EduIllustrate: Towards Scalable Automated Generation Of Multimodal Educational Content
This addresses the problem of scalable automated educational content generation for K-12 STEM educators and developers, though it is incremental as it focuses on benchmarking rather than a new method.
The paper tackles the lack of evaluation for LLMs in generating multimodal educational content by introducing EduIllustrate, a benchmark for text-diagram explanations in K-12 STEM, and finds that Gemini 3.0 Pro Preview leads with 87.8% performance while sequential anchoring improves visual consistency by 13% at 94% lower cost.

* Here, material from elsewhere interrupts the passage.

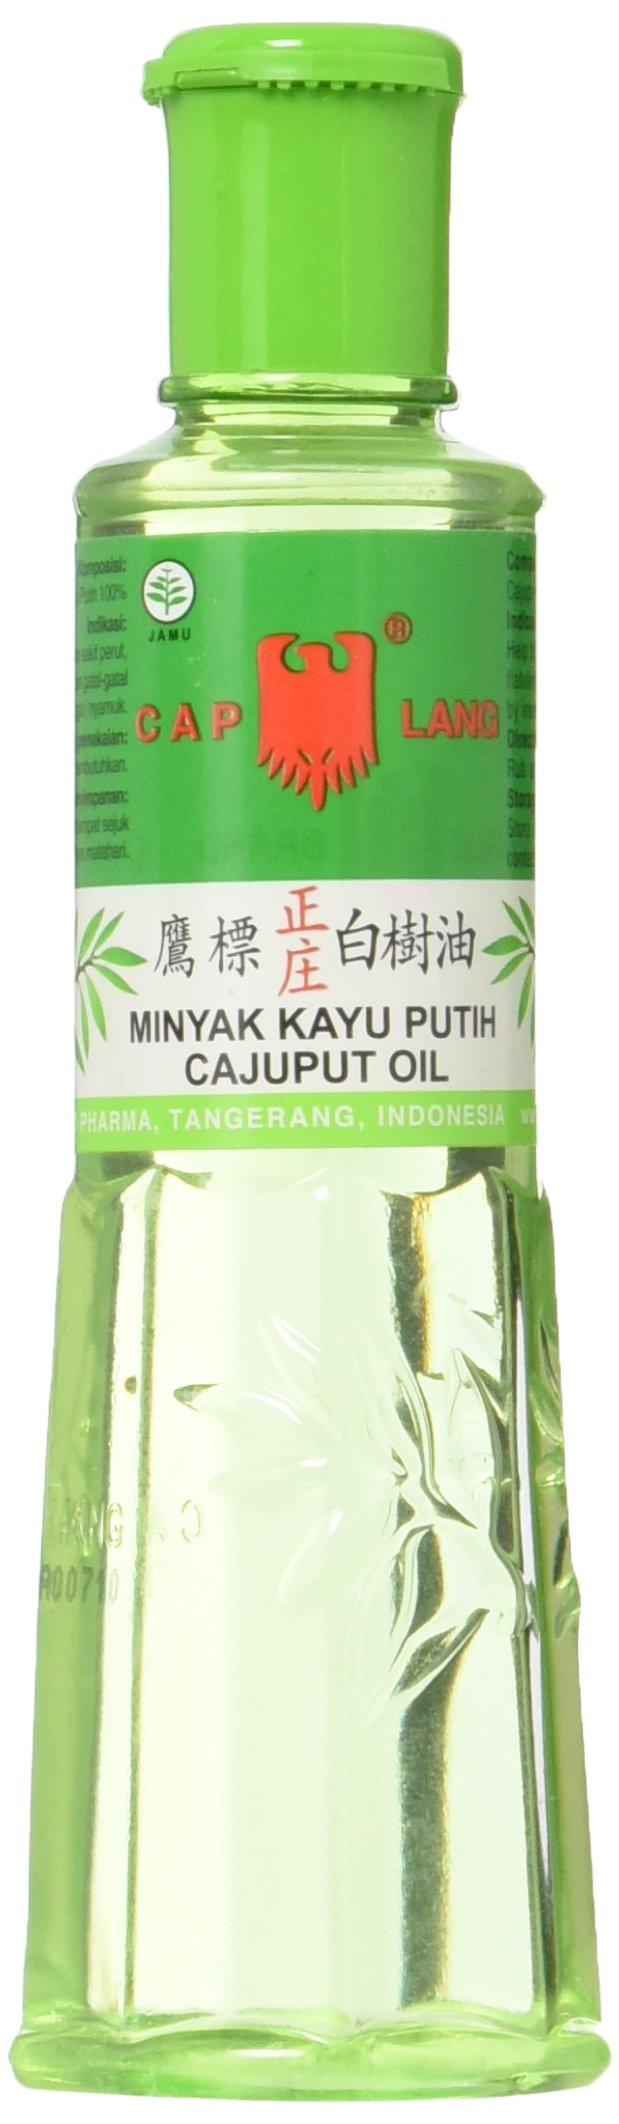 Sido Muncul Tolak Angin Herbal With Honey 12 Ct 180 Ml Isi Sachet Cajaput Oil Minyak Kayu Putih 120

Large language models are increasingly used as educational assistants, yet evaluation of their educational capabilities remains concentrated on question-answering and tutoring tasks. A critical gap exists for multimedia instructional content generation -- the ability to produce coherent, diagram-rich explanations that combine geometrically accurate visuals with step-by-step reasoning. We present EduIllustrate, a benchmark for evaluating LLMs on interleaved text-diagram explanation generation for K-12 STEM problems. The benchmark comprises 230 problems spanning five subjects and three grade levels, a standardized generation protocol with sequential anchoring to enforce cross-diagram visual consistency, and an 8-dimension evaluation rubric grounded in multimedia learning theory covering both text and visual quality. Evaluation of ten LLMs reveals a wide performance spread: Gemini 3.0 Pro Preview leads at 87.8\%, while Kimi-K2.5 achieves the best cost-efficiency (80.8\% at \\$0.12/problem). Workflow ablation confirms sequential anchoring improves Visual Consistency by 13\% at 94\% lower cost. Human evaluation with 20 expert raters validates LLM-as-judge reliability for objective dimensions ($Ï\geq 0.83$) while revealing limitations on subjective visual assessment.